Выбрать главу

Кейпе не помог ей ни одним словом.

«Я… Я не люблю человека, с которым… помолвлена…»

Быстро взглянув в глаза Кейпсу, она не смогла уловить их выражения, и сердце у нее сразу упало, решимость исчезла. Она продолжала стоять, точно оцепенев, не в силах сделать хоть одно движение. Она сама все испортила. Сама!.. Но вдруг зазвучал его голос, и тревога сразу прошла. «Я боялся, что у вас не хватит характера, — сказал Кейпе. — А вы… Это чудесно с вашей стороны, что вы доверились мне… И все же… — Он с неправдоподобной и явно напускной недогадливостью спросил: — А кто он?.. Ну, этот человек, в которого вы влюбились?..».

Конечно, Уэллс. Простите, Кейпе.

«Наши разговоры становились все более личными, — вспоминал Уэллс в «Опыте автобиографии» о своих отношениях с Эмбер Ривз, — и у нее появилась милая прихоть лестно именовать меня «Учитель», а мне она раскрыла свое домашнее имя «Дуза». (Сокращенное от челлиниевской Медузы, голову которой в школьные годы она здорово умела изображать.) Я старался подавить свои чувства к Эмбер, но однажды она разбила тонкий лед моей сдержанности, заявив, что страстно влюблена в одного человека, и когда я спросил, «в кого», бросилась в мои, конечно, охотно раскрывшиеся навстречу объятия. Идея группового брака и взаимного утешения, как я воплотил ее в «Современной утопии», способствовала нашему взаимопониманию, и уже в ту ночь мы впервые вместе легли в постель…»

Все дальнейшее совпадает еще больше, и совсем неважно, из романа взяты эти строки или из личных воспоминаний Уэллса.

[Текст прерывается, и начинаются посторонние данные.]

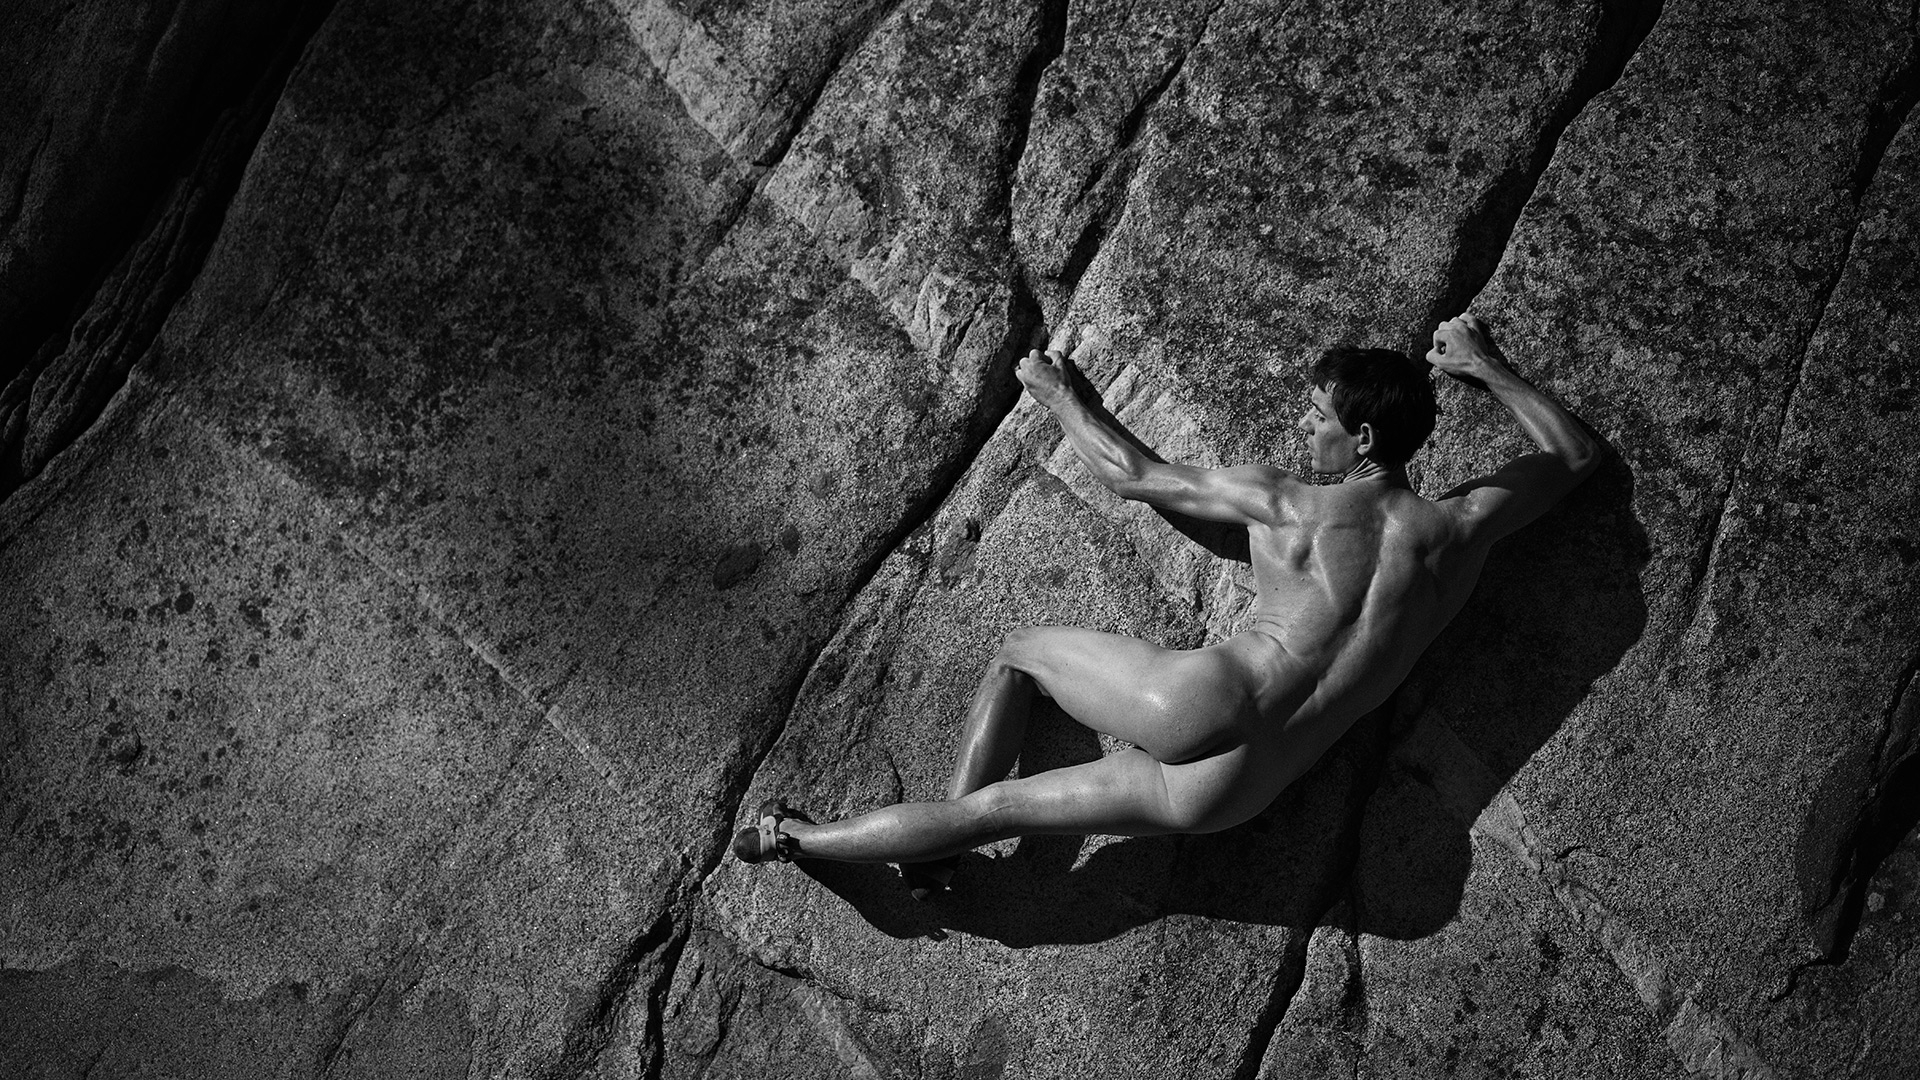 Alex Honnold for ESPNs Body Issue

«В Булони они сели в поезд, и на другое утро завтракали уже в буфете базельского вокзала. Там они поймали интерлакенский экспресс и добрались через Шпиц до Фрутигена. В те дни за Фрутигеном не было железной дороги; они отправили свой багаж почтой в Кандерштег и пошли по тропе для мулов, тянувшейся вдоль левого берега реки, к странной впадине между пропастями, называвшейся Блау-Зее, где окаменевшие ветви деревьев лежат в синих глубинах ледяного озера и сосны цепляются за гигантские валуны. Маленькая гостиница, над которой развевался швейцарский флаг, ютилась под огромной скалой; тут они сняли свои рюкзаки, съели второй завтрак и отдохнули в полуденной тени ущелья, среди смолистого аромата сосен. А потом взяли лодку и поплыли на веслах над таинственными глубинами озера, пристально всматриваясь в его зеленовато-голубые и голубовато-зеленые воды. И тогда у них возникло ощущение, словно они прожили вместе уже целых двадцать лет…»

Разумеется, критики обрушились на «Анну-Веронику». Как это так, — уйти от жены к совсем другой женщине?! Как это так, — девушка сама признается мужчине в чувствах? Зачем писать о таких неприличных случаях, даже если иногда они имеют место в жизни!? Одна рецензия так и называлась — «Книга-отрава». А написал ее известный борец за чистоту нравов тех лет журналист Джон Лоу Стрэ. Семья, — бил он в одну точку, — главная ячейка общества! Никому не позволительно разрушать семью!

6
Отступление

Борис Стругацкий (писатель):

«Мы звали его между собой Г. Дж.

Это не была фамильярность, это была высшая форма почтения и уважения.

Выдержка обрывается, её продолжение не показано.